Жизнь шла по восходящей. До вчерашнего дня! Возможно, и наступит время, когда он забудет вчерашний день, как забывают выздоровевшие больные темные больничные коридоры, подоконники, заставленные фикусами, марлевые оконные занавески… Именно так: самое разумное – положиться на естественный ход вещей. Обратно не повернуть, значит, все предначертано, все предопределено. И не надо было ни о чем никому рассказывать, впутывать посторонних людей. Как же случилось, что он рассказал? От страха и отчаяния? А может быть, и какой-то неосознанный расчет: мол, не утаивал он, хоть и скрылся с места происшествия. Не смолчал. Рассказал друзьям, рискуя тем, что история эта перестанет быть тайной, что может и выплеснуться наружу. Теперь трудно понять: рассказал – и ничего уже с этим не поделать…
Глеб аккуратно уложил фломастер в прозрачный футляр. Стянул сатиновые нарукавники. Первый отдел находился этажом ниже…
– Да! А у нас опять на улице ЧП! – воскликнул Цимберов, ни к кому не обращаясь.
– Битва у гастронома? – спросил Доронин. – У вас веселый райончик.
– Вчера на Менделеевской бабку сбили. На том же месте, где неделю назад такси в дом долбанулось.
– Кто же наколол бабусю? – Гоша Ведерников разминал сигарету, раздумывая, выйти покурить или еще рано.

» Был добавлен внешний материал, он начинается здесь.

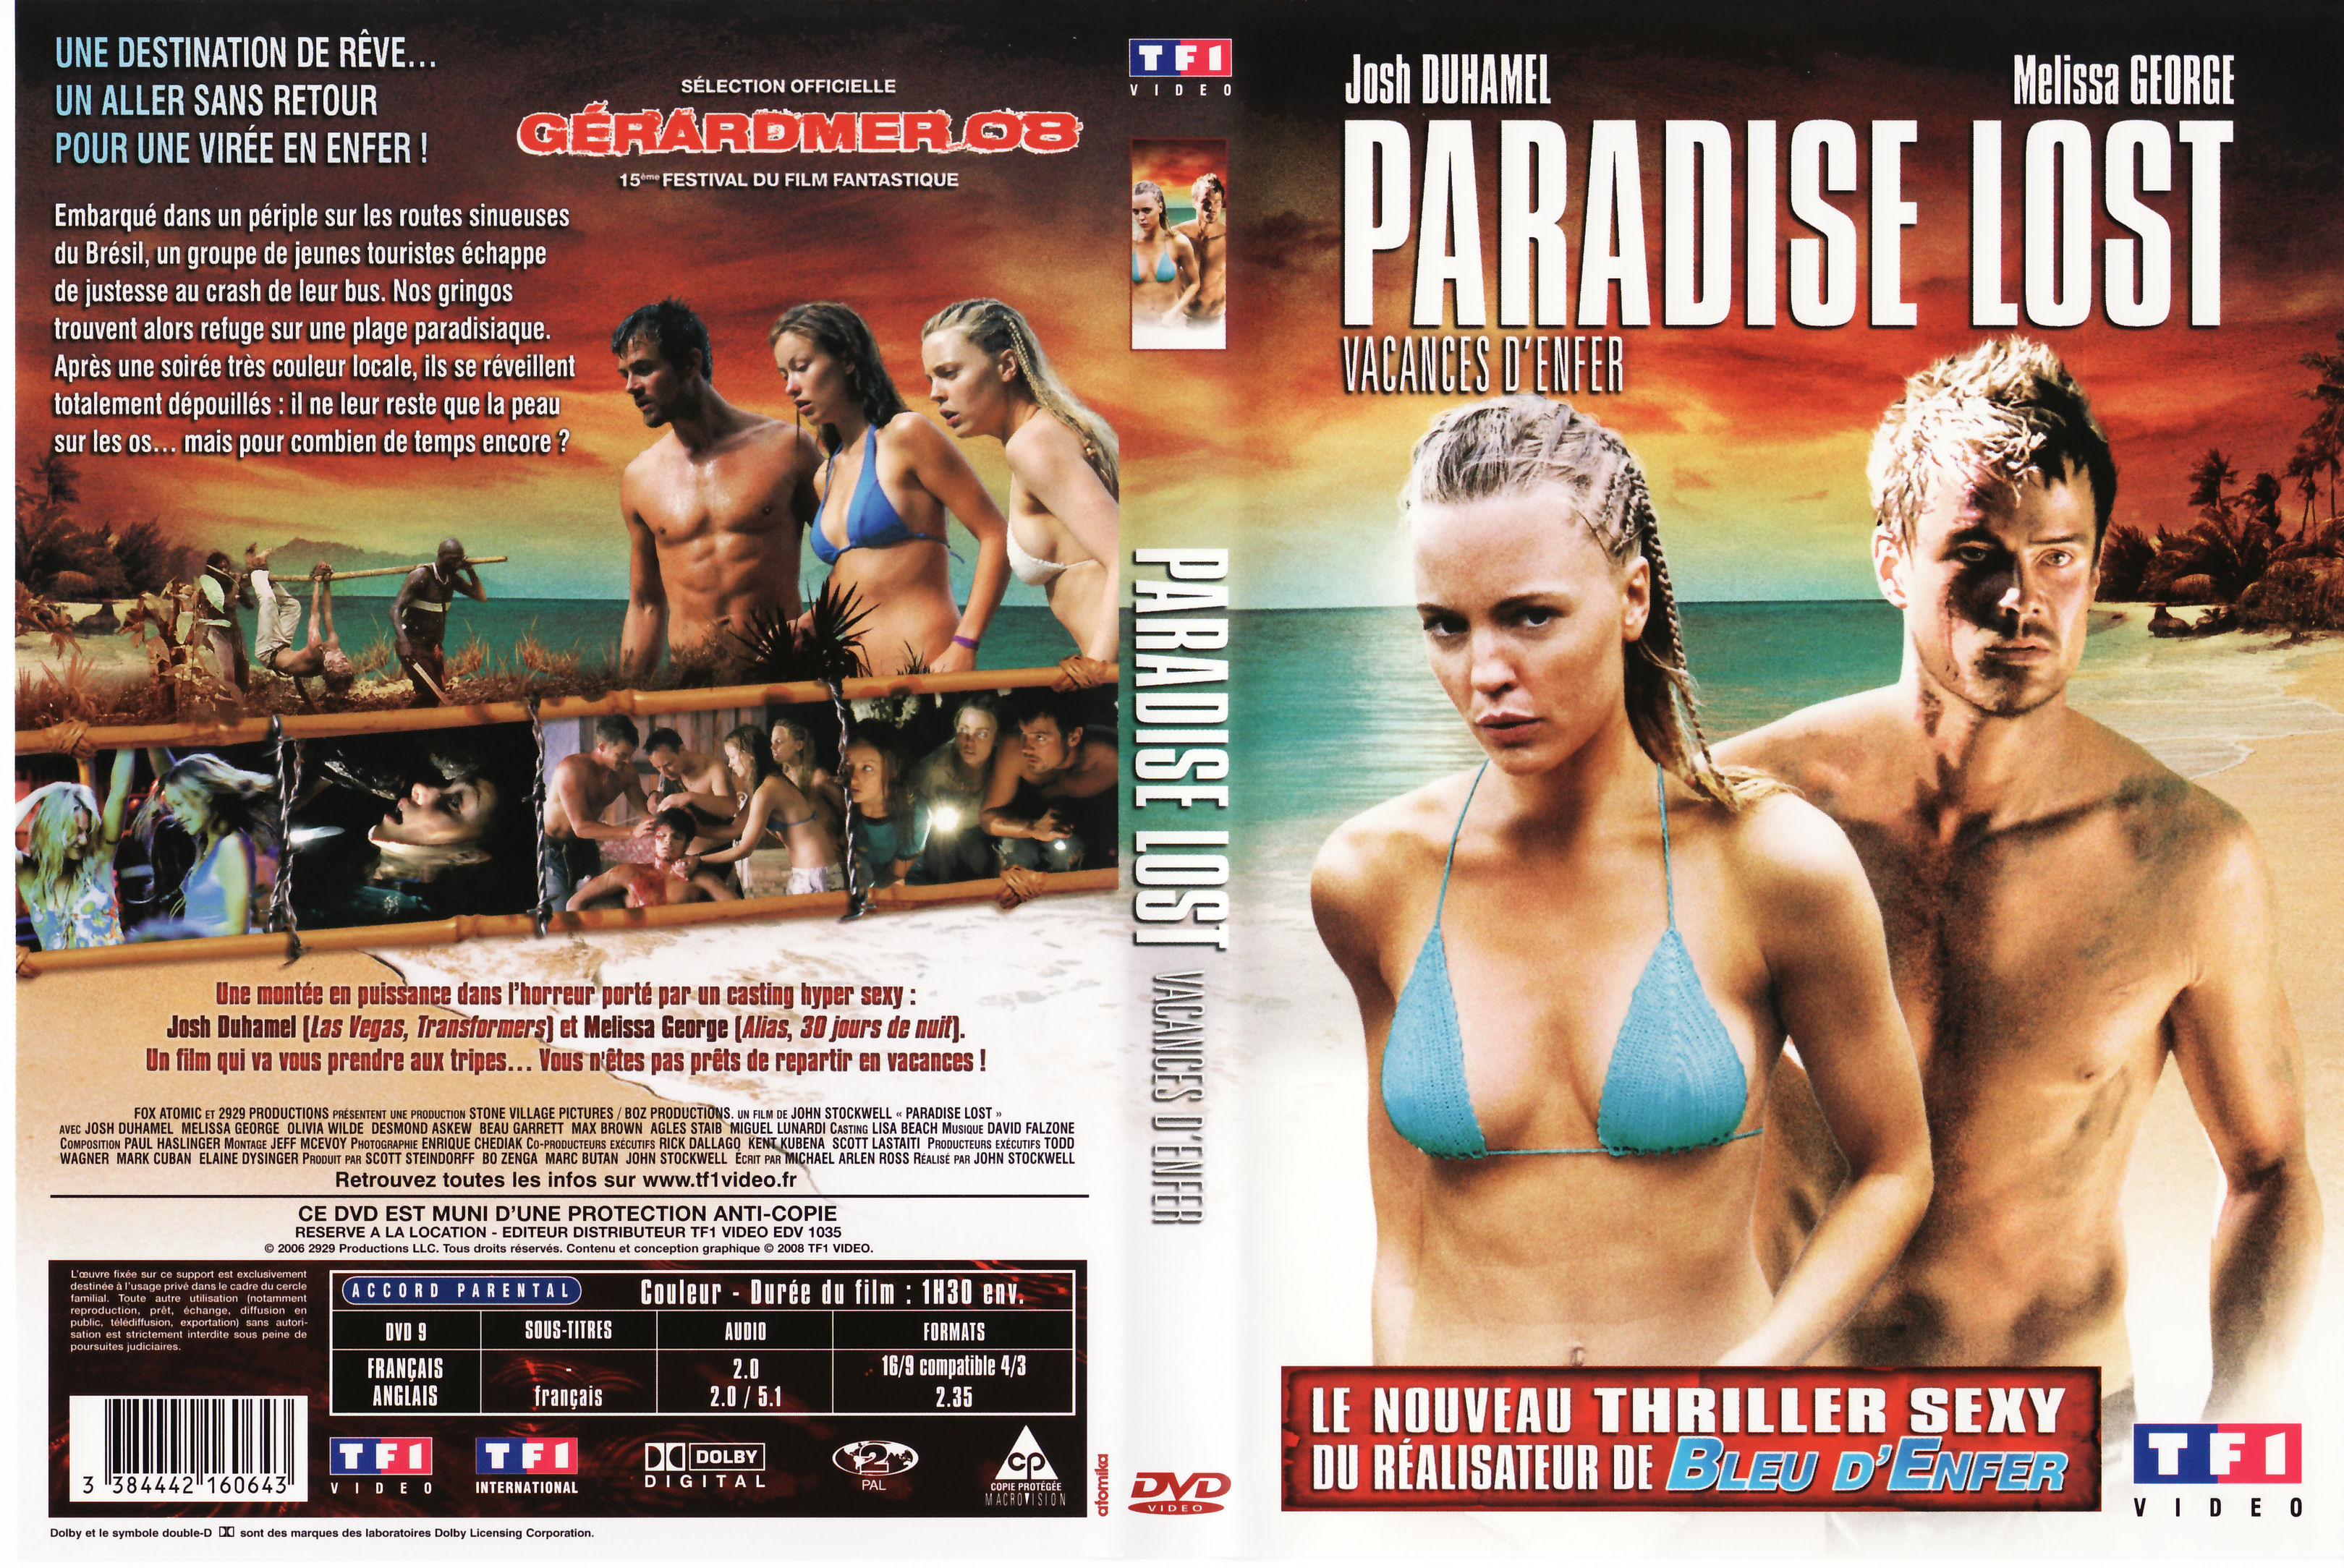 Jaquette DVD Paradise lost
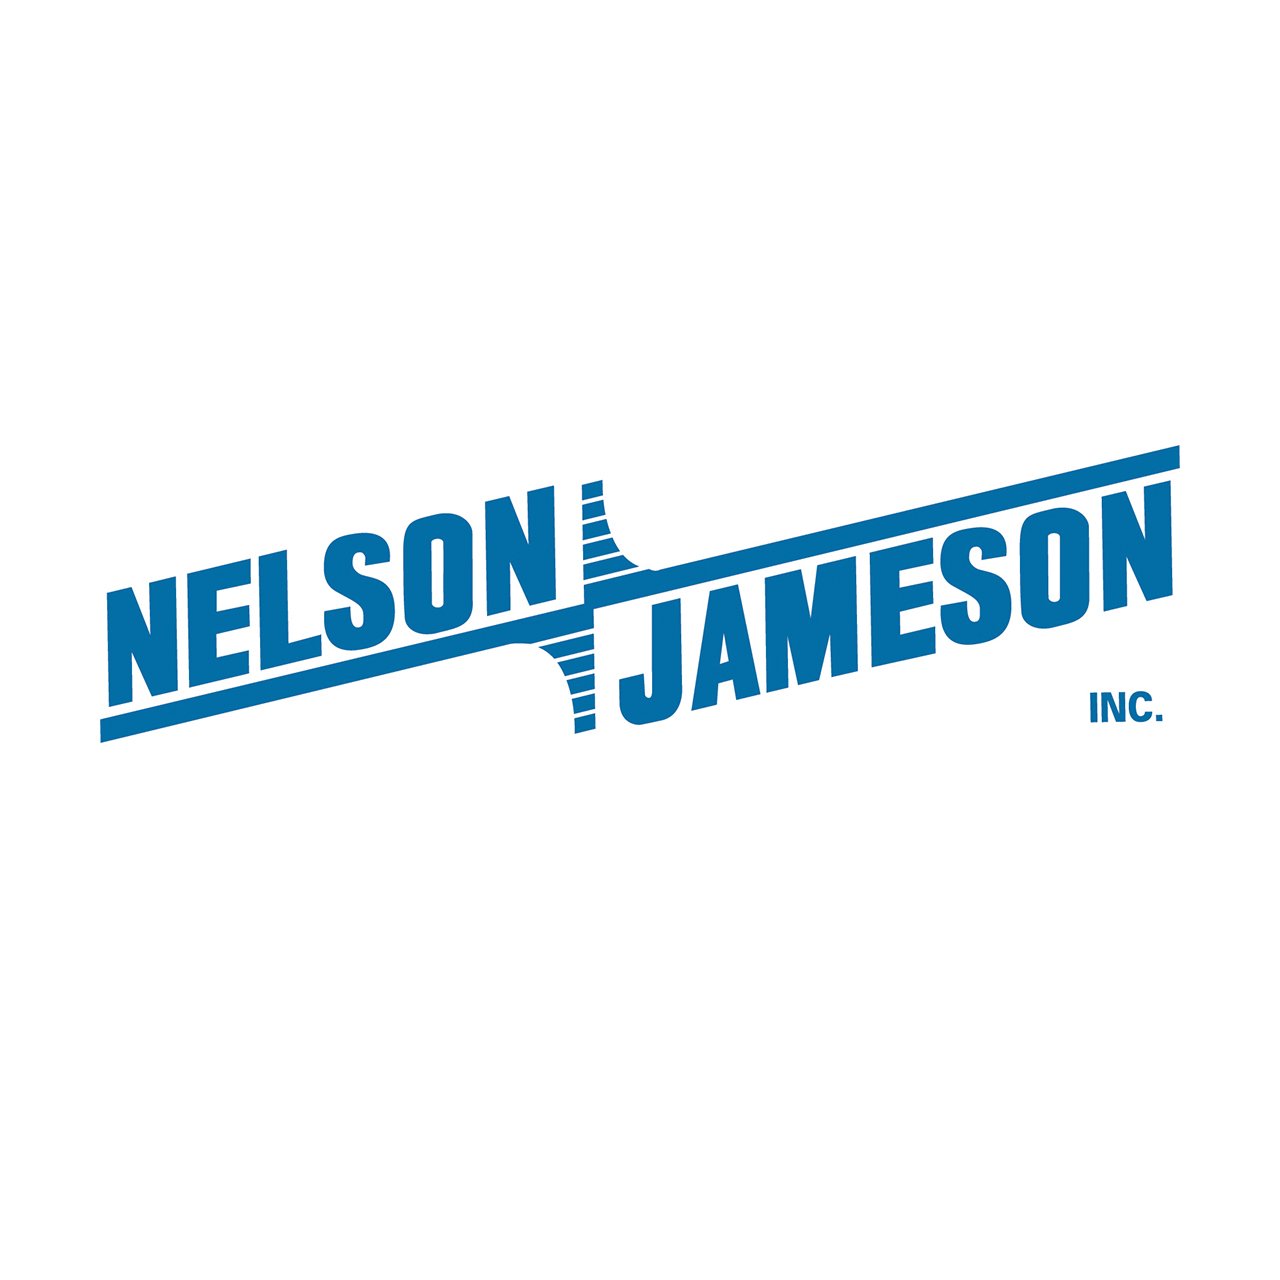 Nelson-Jameson Petri Dishes

– Там место такое: поворот – и сразу темень, – ответил Цимберов.
Не решаясь выйти в коридор, чернокнижник Гоша все еще разминал сигарету.
– Естественная убыль, – произнес он философски. – Жертвы стремительного века. В конце концов, общество должно смириться с тем, что рост техники влечет за собой гибель какой-то части членов этого общества. Жертвы прогресса. Никто тут не виноват. Автомобили – дело рук человеческих. Мы вот тут с вами сеем разумное, а, глядишь, через некоторое время бац – и где-нибудь хлопнут, допустим, Женьку Цимберова, каким-нибудь электронным лучом, предназначенным для стирки белья. По неосторожности. И не надо будет мне отдавать Женьке долг – семь рублей…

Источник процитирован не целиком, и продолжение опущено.